TINTÍN Y LECTURAS DEL MES

Salgo de ver la película de Tintín en tres dimensiones. Una pasta. Diez euros por persona porque nos hemos tenido que comprar las gafas de 3D. Es la primera vez que veo una peli en 3D y no puedo comparar, pero creo que los efectos especiales de esta película no son tan impresionantes como para que sea obligatorio verla de esta manera. Me ha gustado la unión que han hecho de los tres títulos de Tintín para la elaboración del guión (creo que son sólo tres, porque que yo sepa en la peli se recogen EL CANGREJO DE LAS PINZAS DE ORO, EL SECRETO DEL UNICORNIO Y EL TESORO DE RACKHAM EL ROJO). Ya compararé cuando saquen en un futuro la segunda parte de esta película, porque han dejado un final abierto para sacar más dinero con las historias de Tintín.

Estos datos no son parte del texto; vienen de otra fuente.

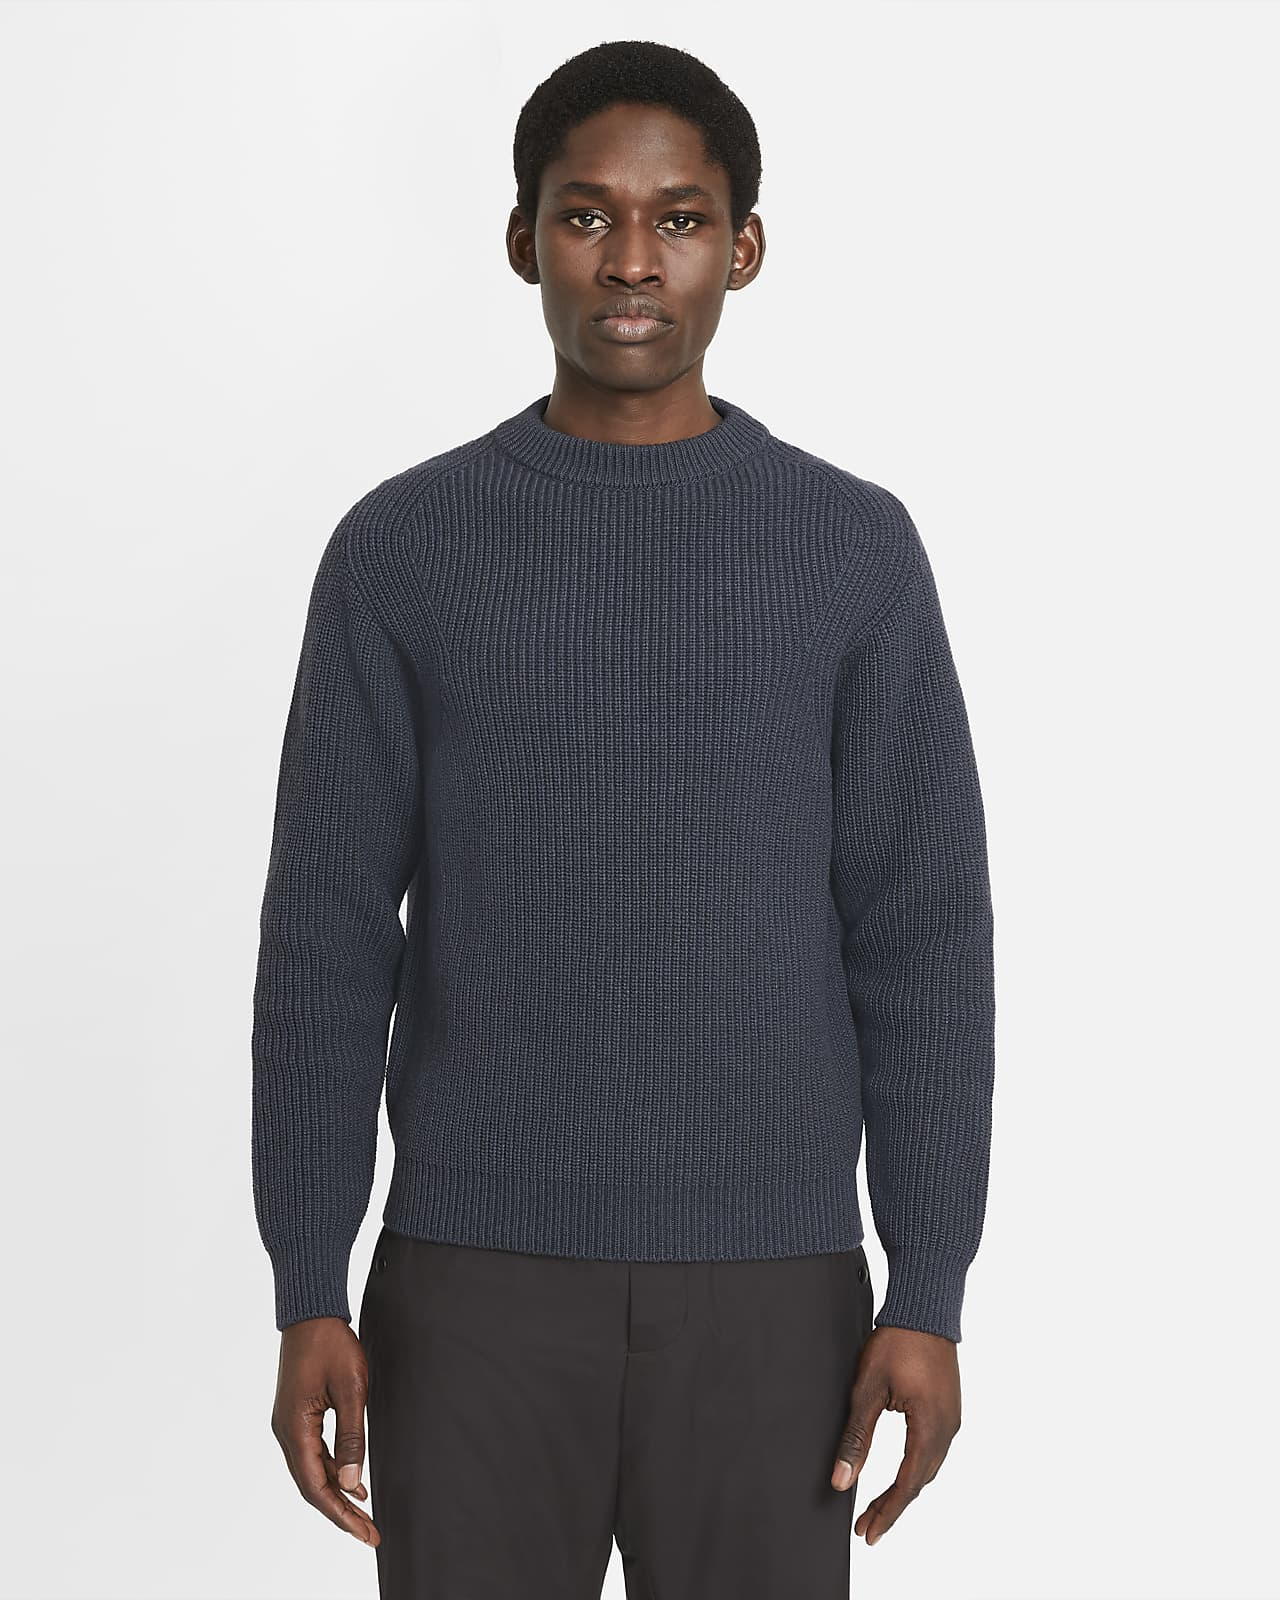 Nike ESC Men's Sweater

He terminado de leer LA CENA de HERMAN KOCH. No me gustan los libros con moralina y éste es uno de ellos. Tampoco me ha gustado la violencia que se describe y no porque se pretenda justificar, como es en el caso de los protagonistas de este libro, sino porque me da mal rollo que ande tanto loco por el mundo envuelto en piel de cordero. Prefiero los malos que no se ocultan porque se les ve venir. Me estoy poniendo al día con los comentarios sobre libros que he leído. Otro que he terminado recientemente es LA PRESA de KENZABURO OÉ. Bueno; se lee rápido esta historia sobre la pérdida de la inocencia. También es un libro duro porque de repente te das cuenta que hay mucha maldad en el mundo y que como no espabiles te pisan, te humillan, te joden, te dan por el culo, etc. Vamos, que para sobrevivir en este mundo hay que ser un poco cabroncete. Y el mejor libro que me he leído en este último mes es 84 CHARING CROSS ROAD de HELENE HANFF. Muy recomendable. Me ha encantado el estilo directo, franco y natural de la escritora en sus cartas a Frank Doel, el librero inglés. Se respira literatura por los cuatro costados, se habla de libros con erudición pero sin petulancia. Y también se habla de la vida diaria, de la cesta de la compra, del trabajo mal pagado de la escritora que sólo le da para sobrevivir, etc. Es de esos libros indispensables que todo amante de la literatura se debería leer en su vida. Y si no te lo lees es que eres un amargado, soberbio y listillo que piensas que lo que tú escribes es mejor y más culto.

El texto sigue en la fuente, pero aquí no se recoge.